> _WHAT IS REQUIRED_
Transcribe word for word the section of the records below that opens with the line containing "Oriental Darter at" and closes with the line containing "midwest-living-logo.jpg"; drop every picture.

> _GIVEN RECORDS_
──────

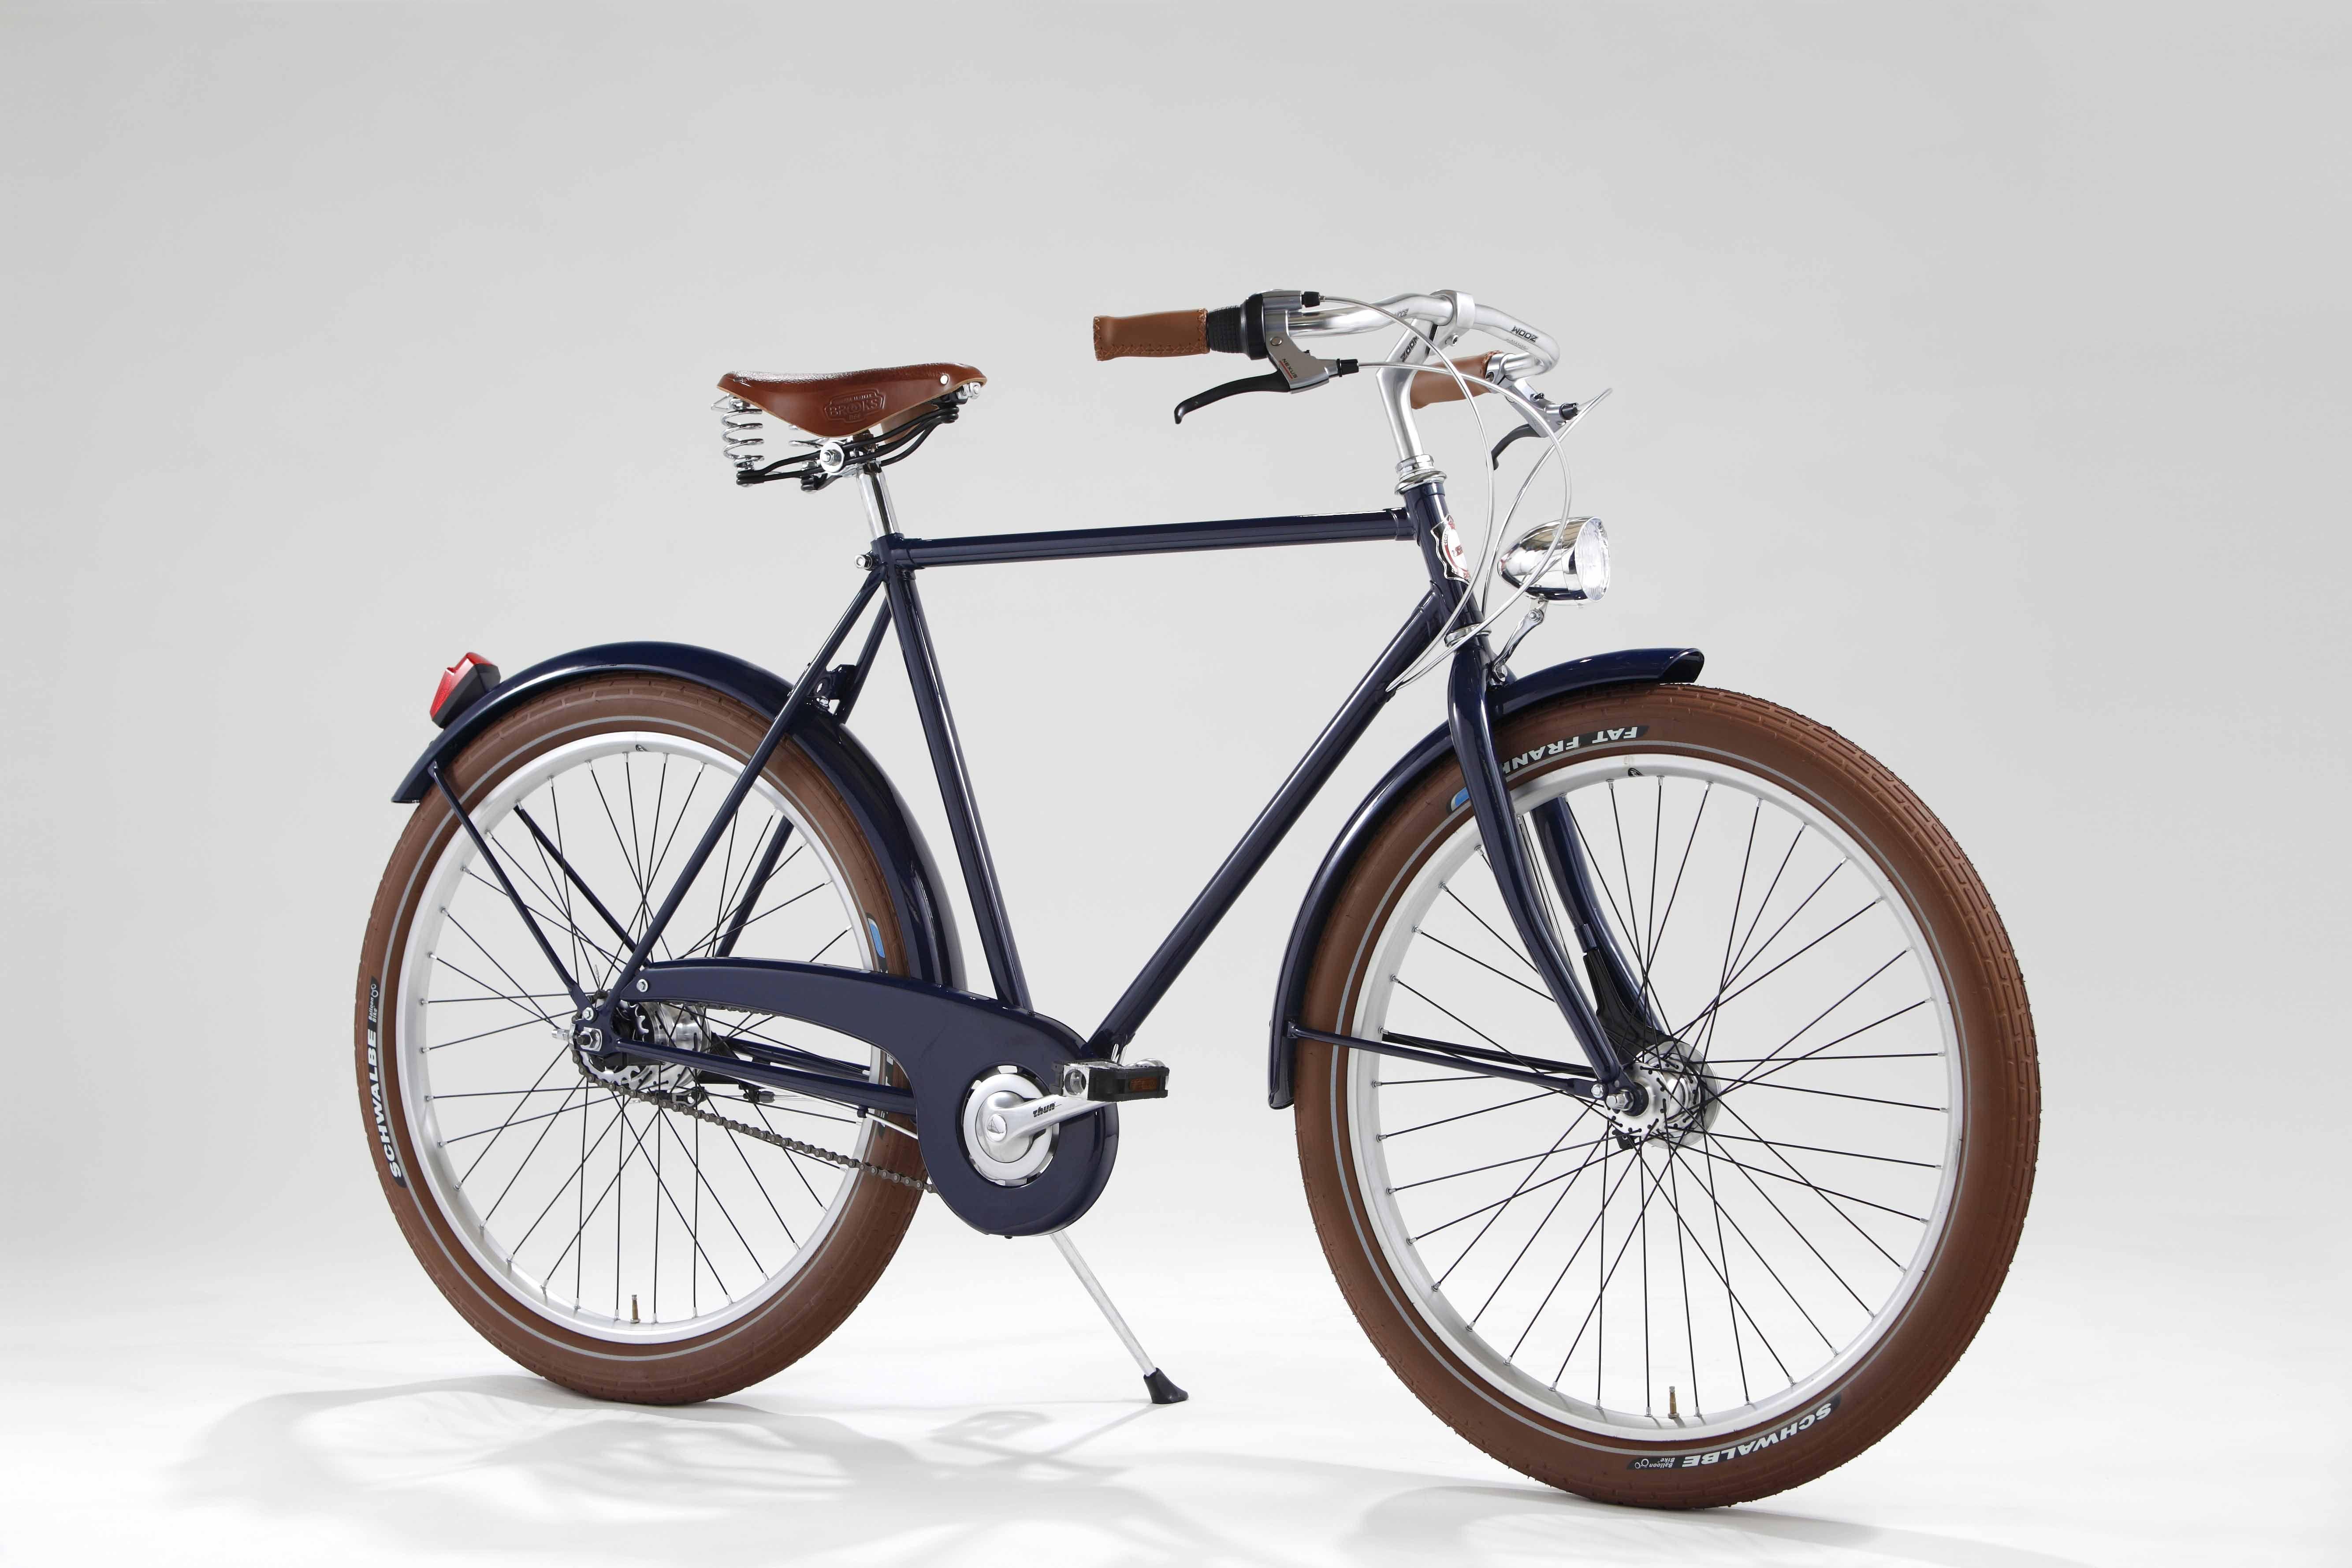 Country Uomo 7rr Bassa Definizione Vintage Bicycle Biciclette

──────

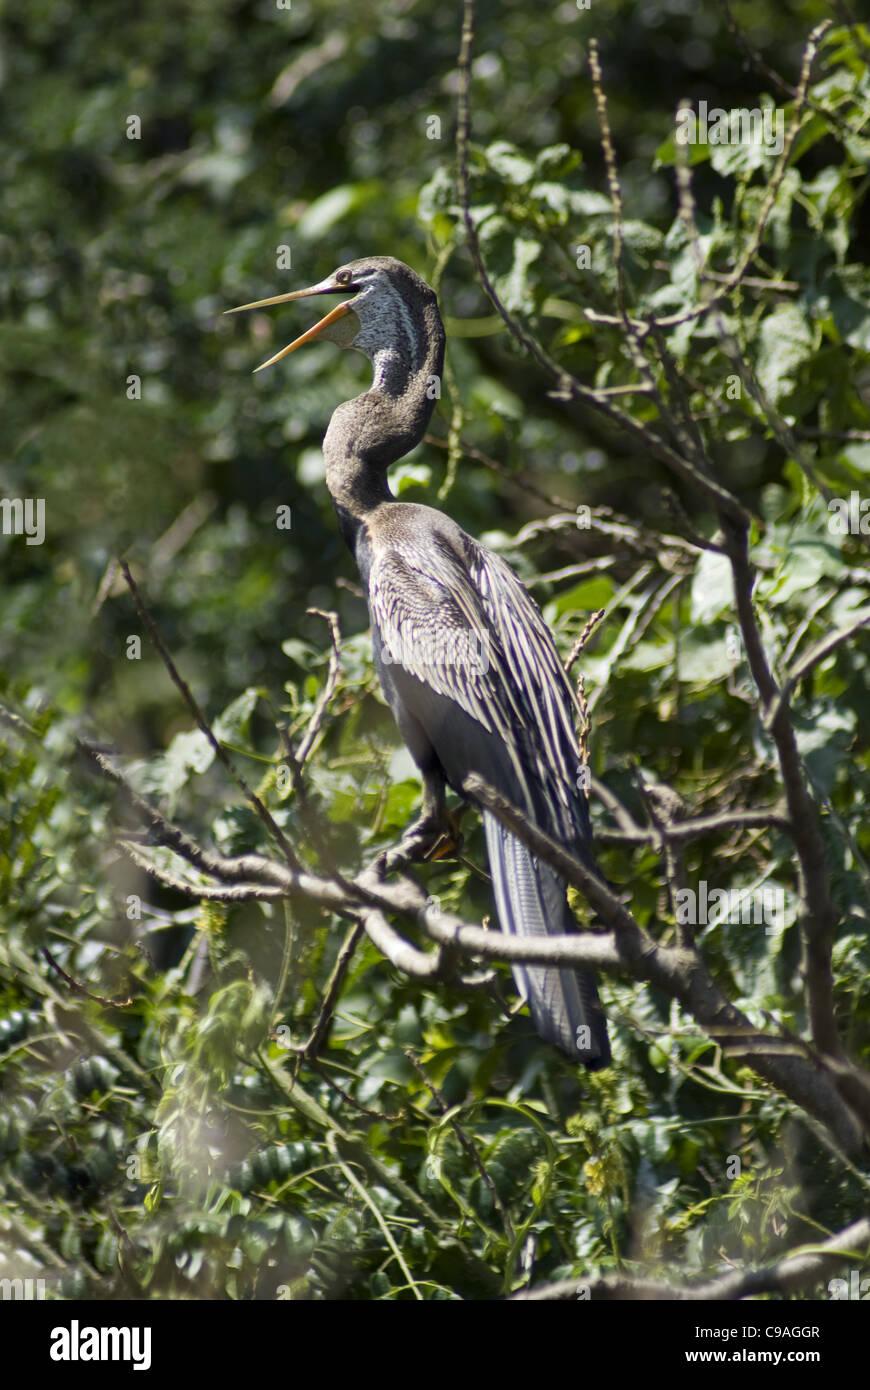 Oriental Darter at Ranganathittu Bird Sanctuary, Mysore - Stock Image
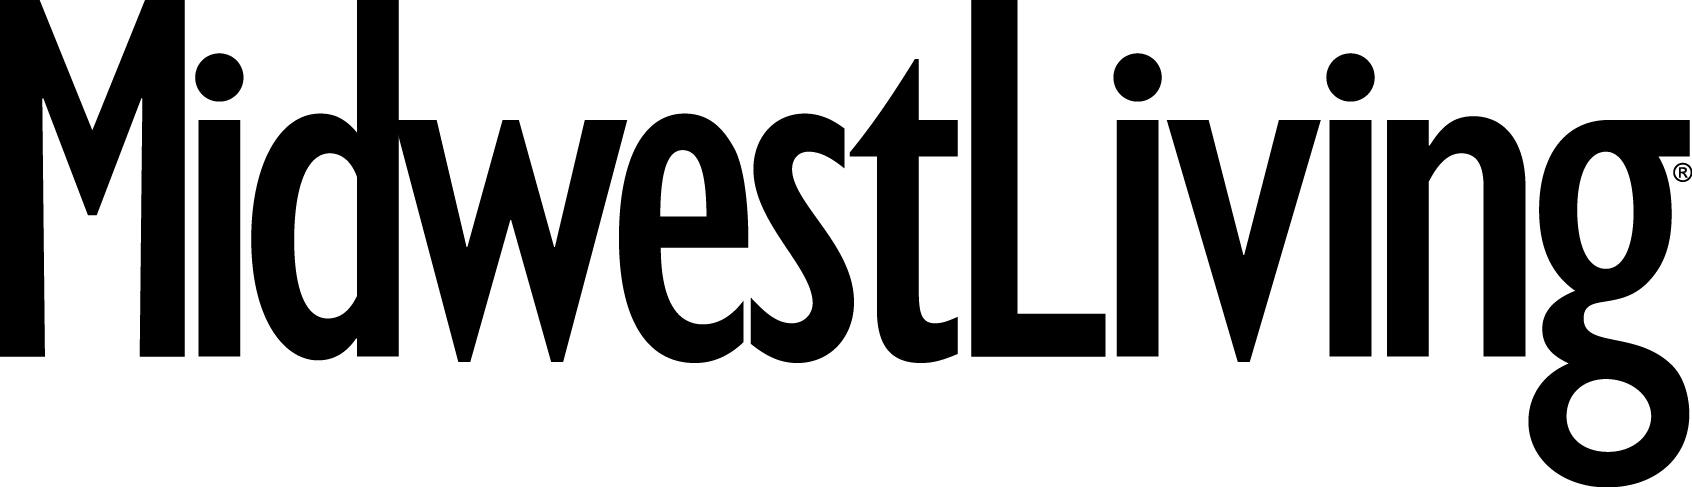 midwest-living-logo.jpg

──────

> _EXERCISE OUTPUT_
 Oriental Darter at Ranganathittu Bird Sanctuary, Mysore - Stock Image
 midwest-living-logo.jpg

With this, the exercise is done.